Перейти к содержанию

DL Interview: Архитектуры

~4 минуты чтения

Навигация: Все темы DL интервью | Материалы DL | Математика для ML

CNN, RNN/LSTM, Self-Attention, Positional Encodings, KV-Cache, Flash Attention. Архитектурные вопросы -- одни из самых частых на ML-интервью.


CNN

Q: Как вычислить output size convolution?

A:

\[H_{out} = \lfloor\frac{H_{in} + 2P - K}{S}\rfloor + 1\]

Example: \(H_{in} = 224\), \(K = 3\), \(P = 1\), \(S = 1\) $\(H_{out} = \lfloor\frac{224 + 2 - 3}{1}\rfloor + 1 = 224\)$

Same padding: \(P = (K-1)/2\) для \(S=1\).

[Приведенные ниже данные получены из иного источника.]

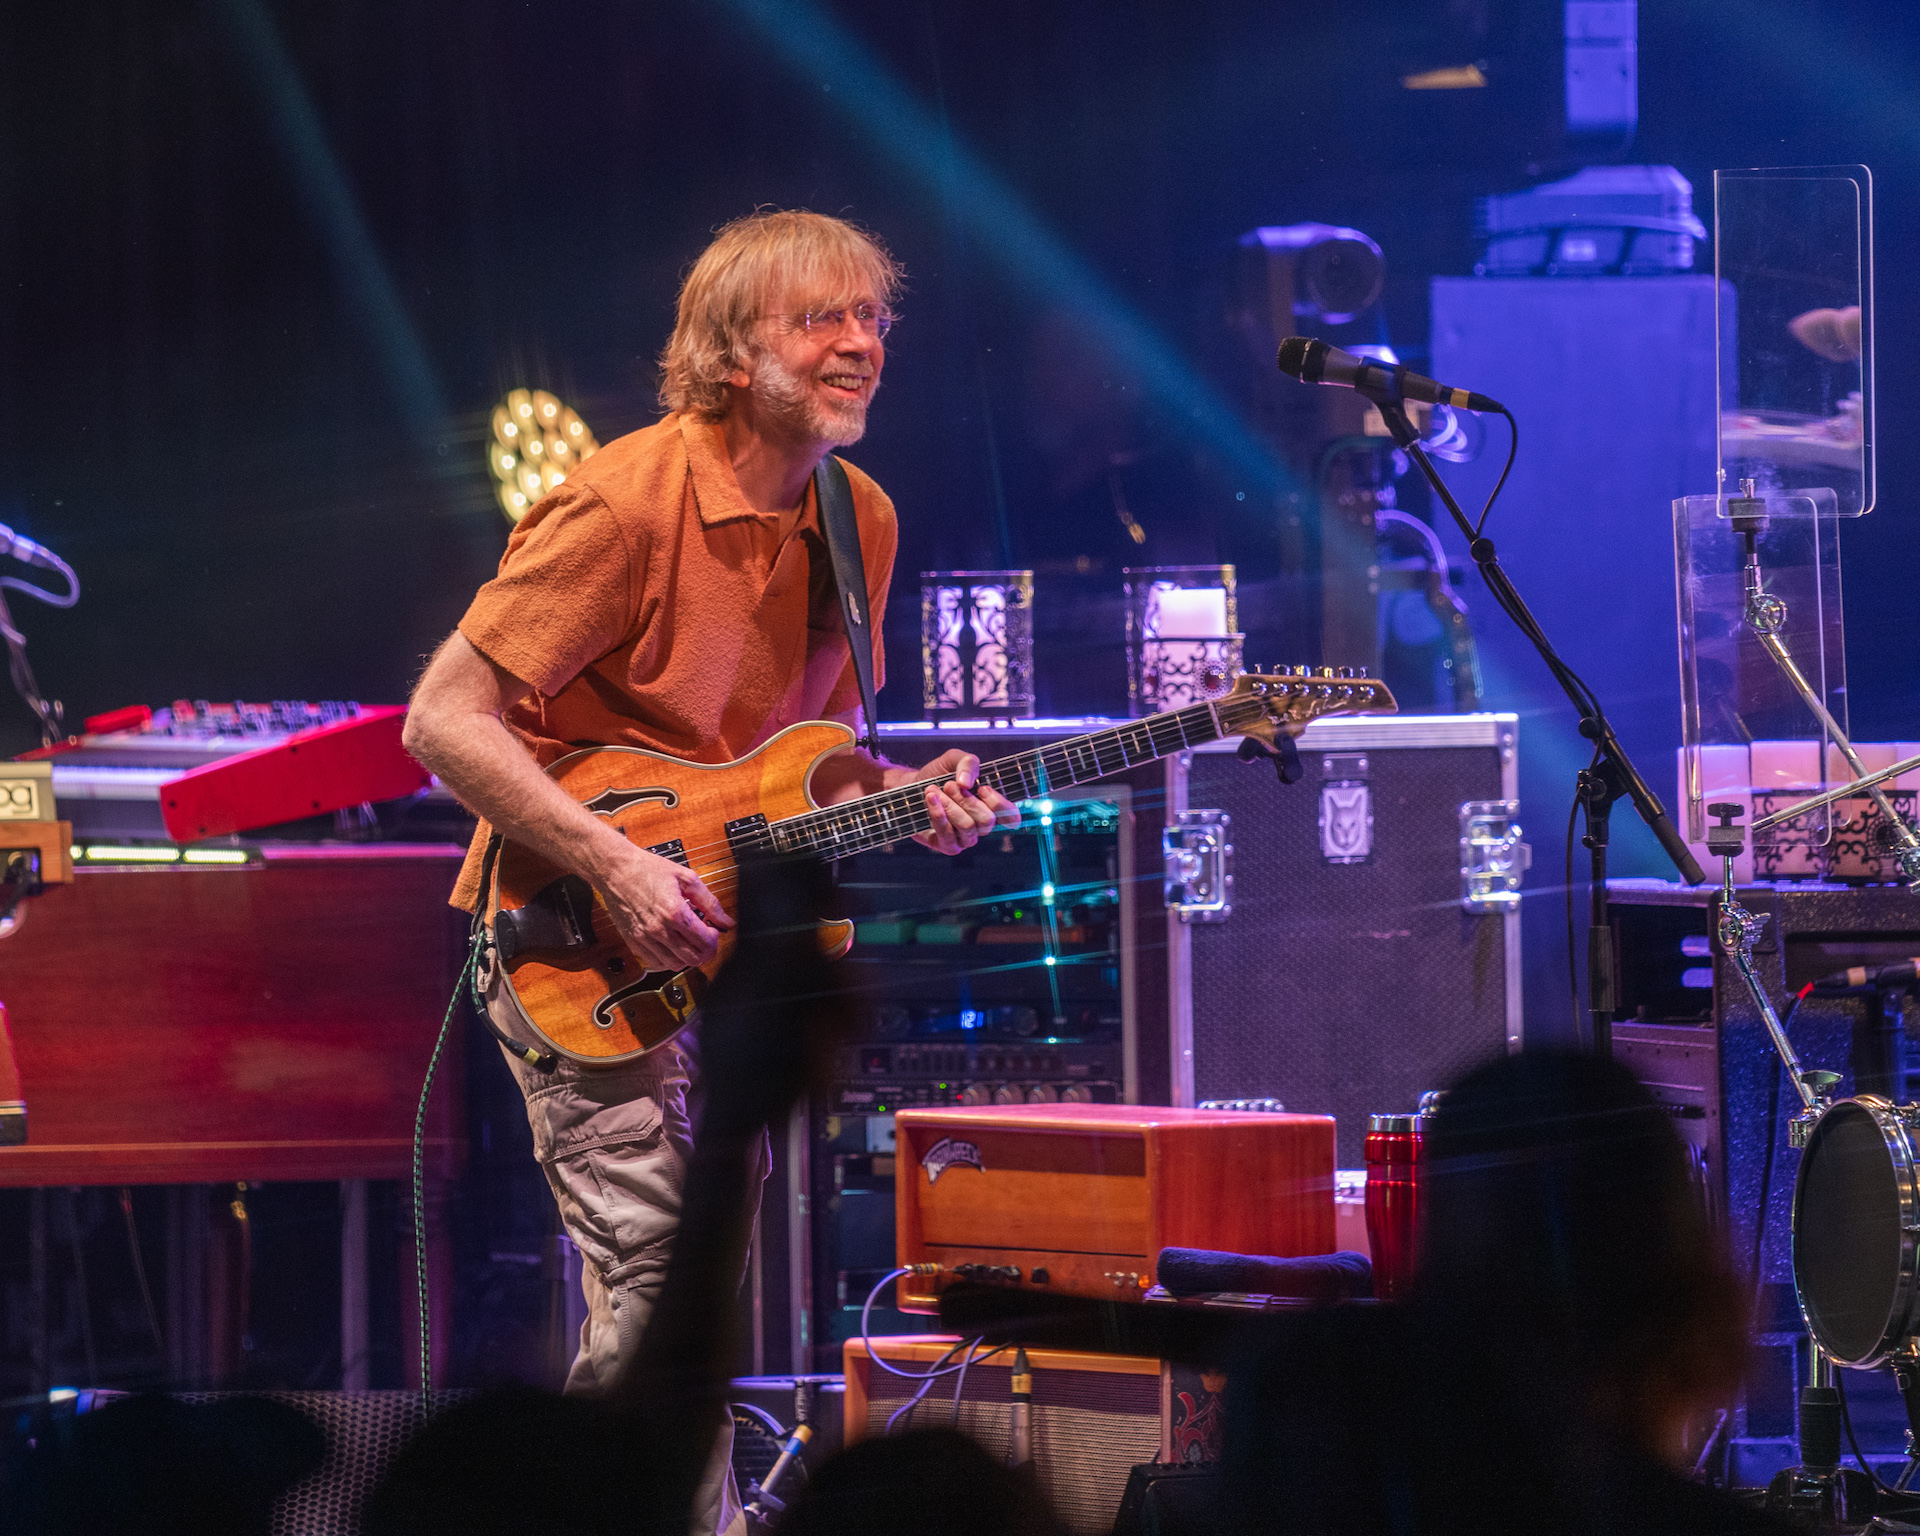 Phish's summer tour dates announced; playing The Mann for two nights

Q: Receptive field -- что это и как считается?

A:

Definition: Область input, влияющая на один output нейрон.

Calculation: - Layer 1 (3x3 conv): RF = 3 - Layer 2 (3x3 conv): RF = 3 + (3-1)*1 = 5 - Layer 3 (3x3 conv): RF = 5 + (3-1)*2 = 9

Formula: \(RF_l = RF_{l-1} + (K_l - 1) \times \prod_{i=1}^{l-1} S_i\)


RNN/LSTM

Q: LSTM как решает vanishing gradient?

A:

Key insight: Cell state \(C_t\) имеет linear update: $\(C_t = f_t \odot C_{t-1} + i_t \odot \tilde{C}_t\)$

Gradient through time: $\(\frac{\partial C_t}{\partial C_{t-k}} = \prod_{i=0}^{k-1} f_{t-i}\)$

Если \(f_t \approx 1\), gradient сохраняется!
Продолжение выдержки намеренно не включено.